§ **Data section**:
▽

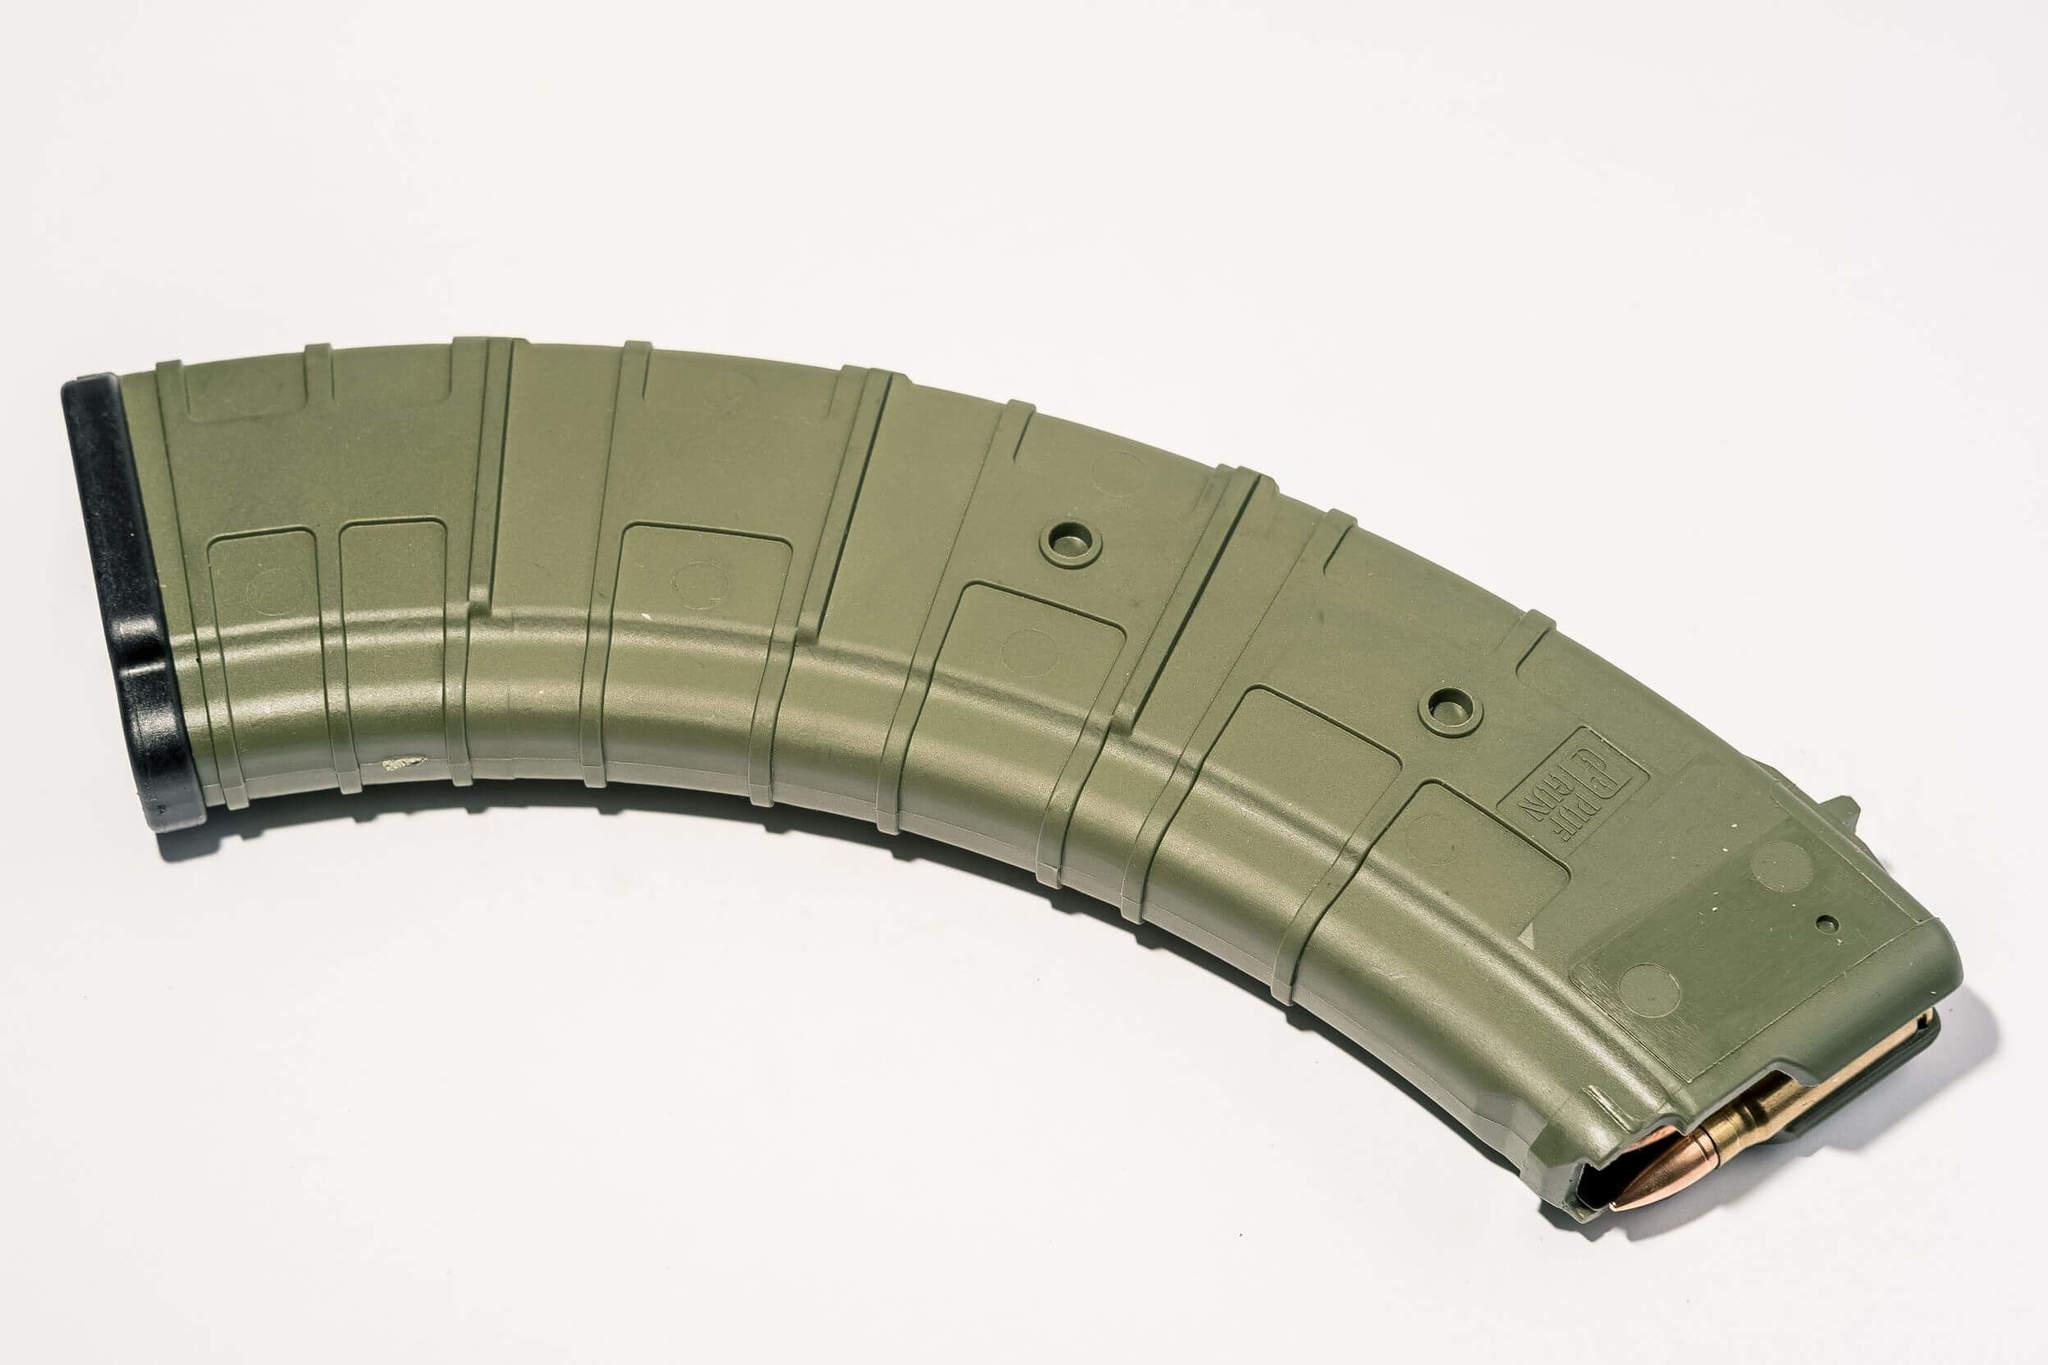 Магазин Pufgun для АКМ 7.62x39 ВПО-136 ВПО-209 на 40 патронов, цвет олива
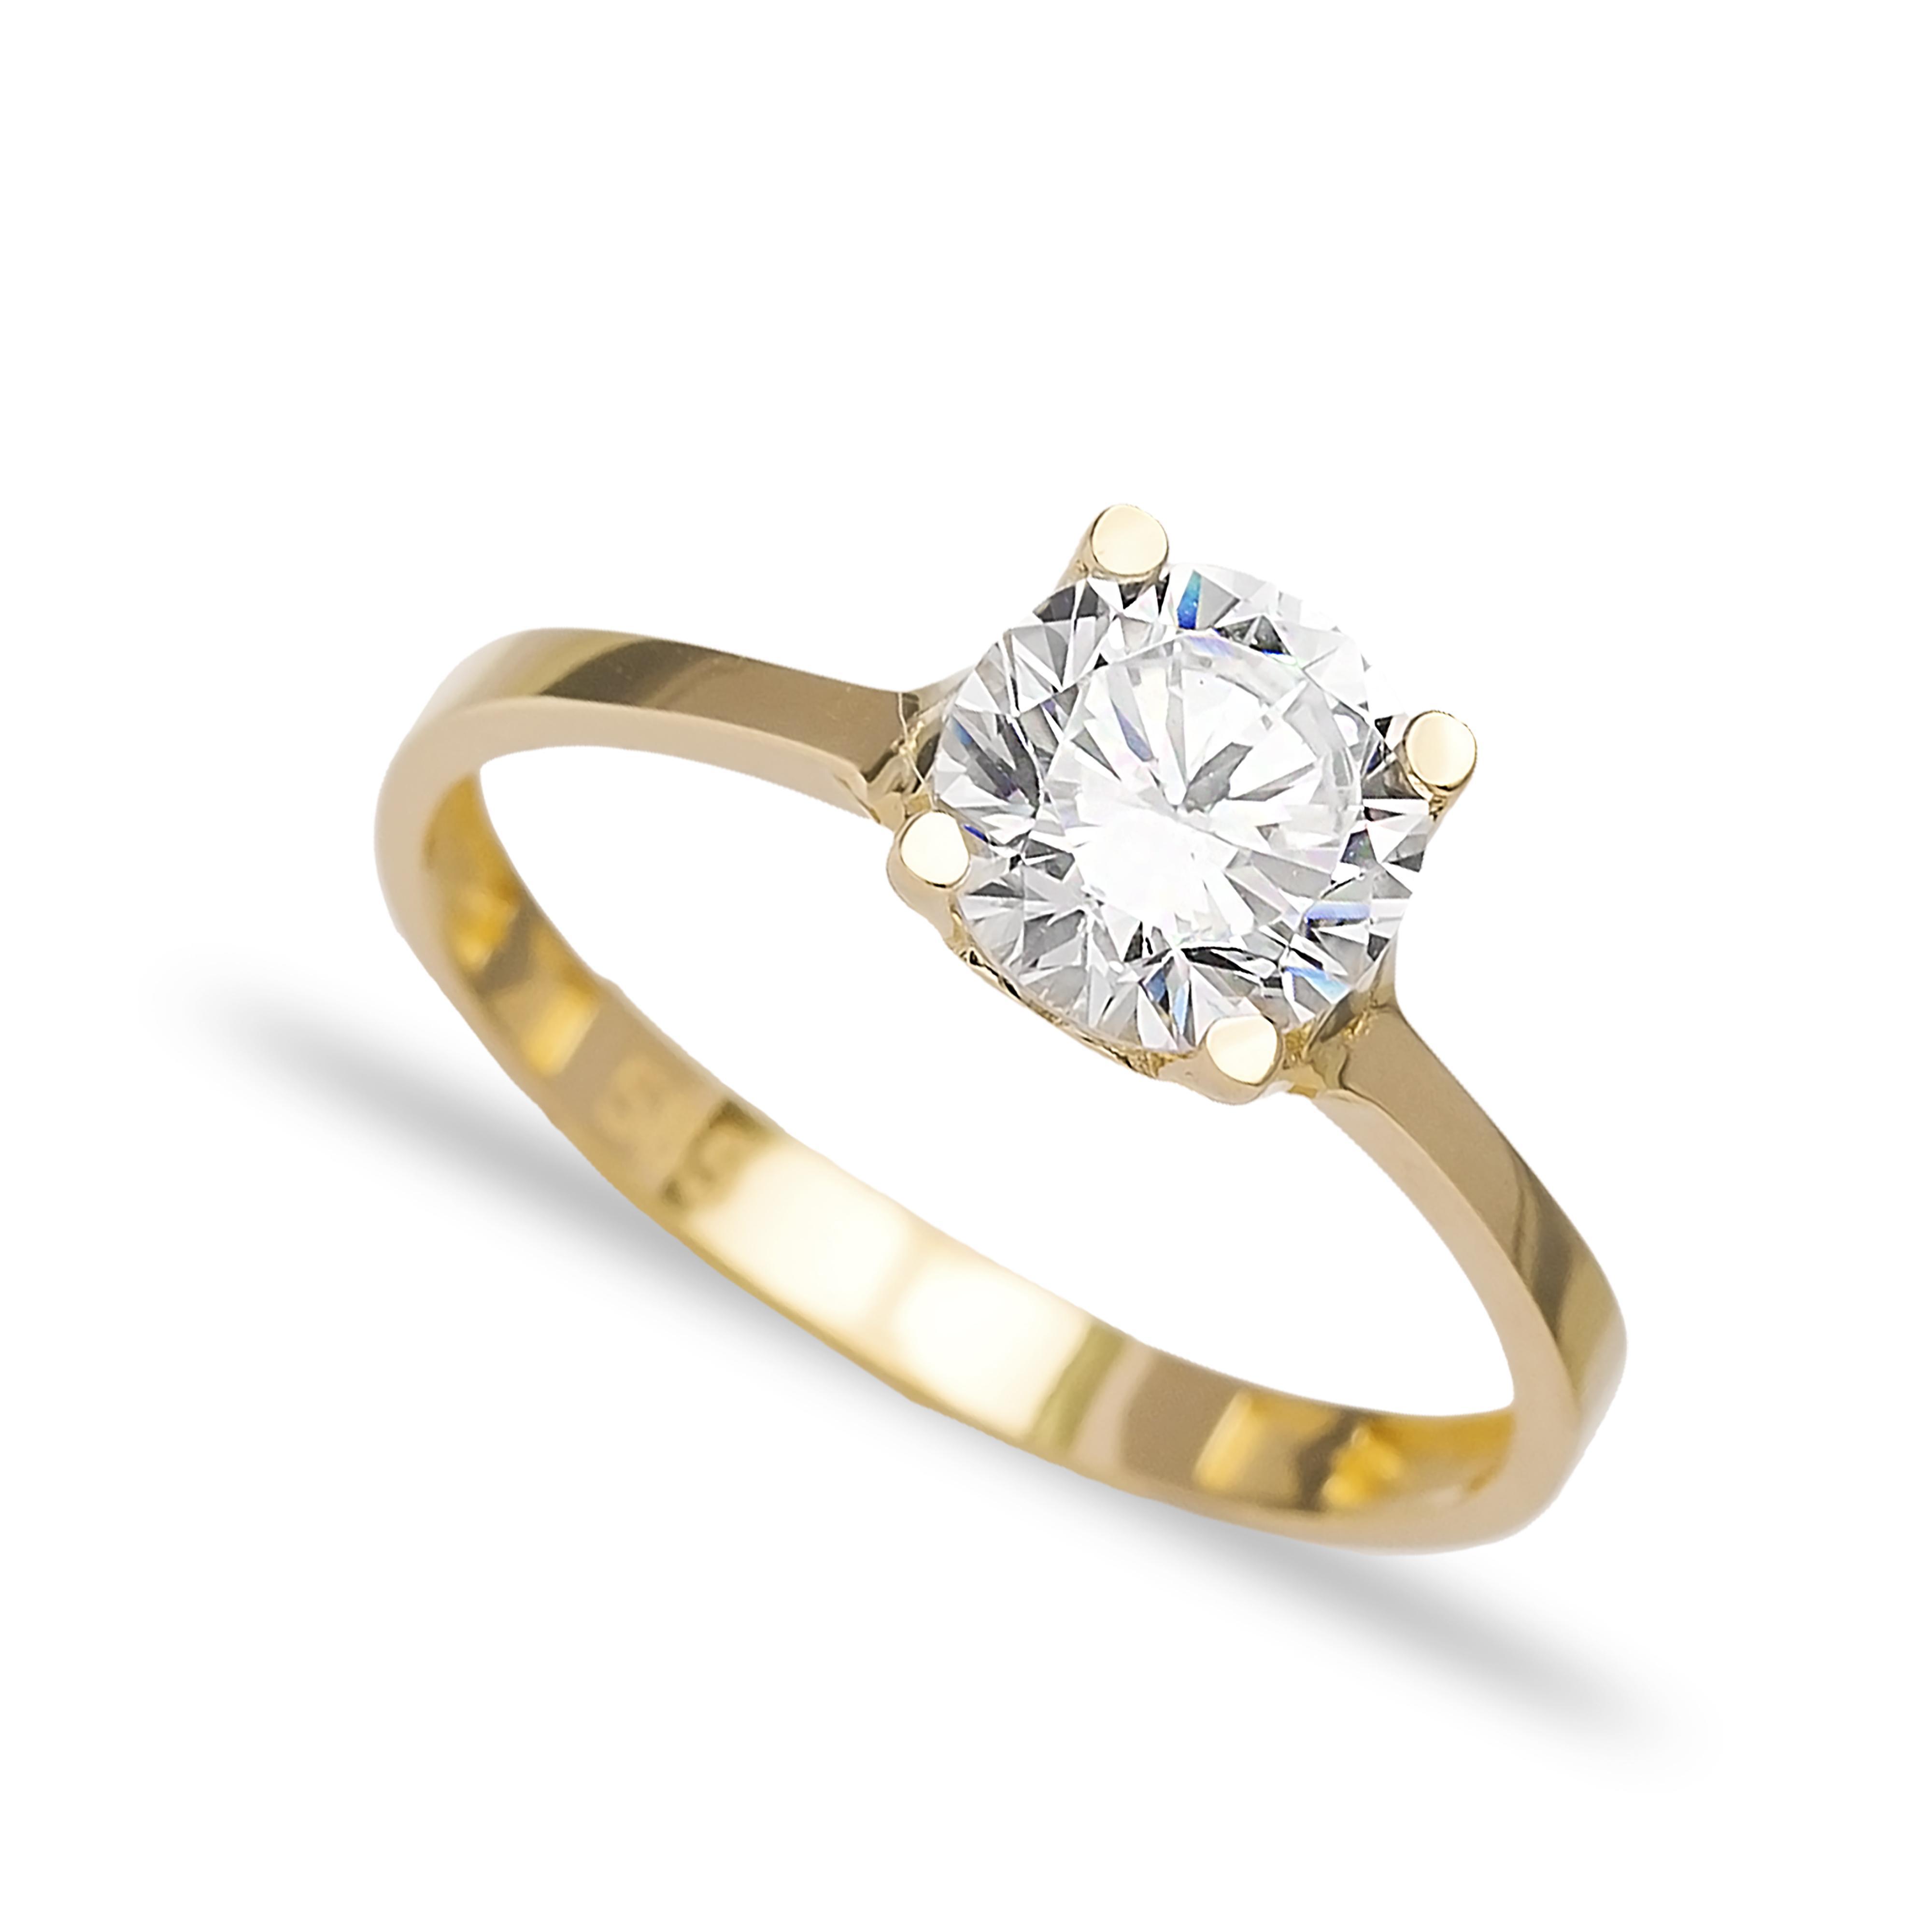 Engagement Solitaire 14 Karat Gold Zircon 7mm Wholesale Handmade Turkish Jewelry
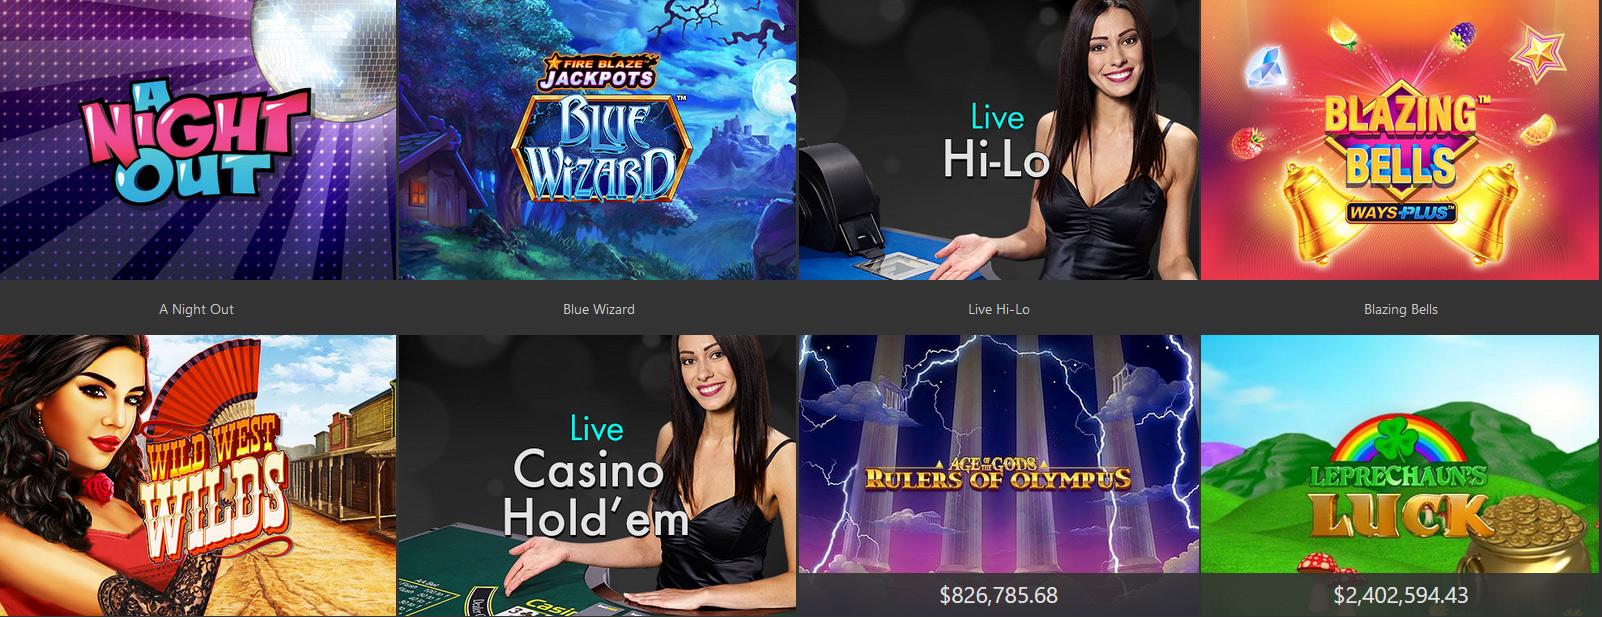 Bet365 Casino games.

△

§ **What to produce**: This task calls for an exact copy of the data above, without pictures.

§ **Answer below**:
 Магазин Pufgun для АКМ 7.62x39 ВПО-136 ВПО-209 на 40 патронов, цвет олива
 Engagement Solitaire 14 Karat Gold Zircon 7mm Wholesale Handmade Turkish Jewelry
 Bet365 Casino games.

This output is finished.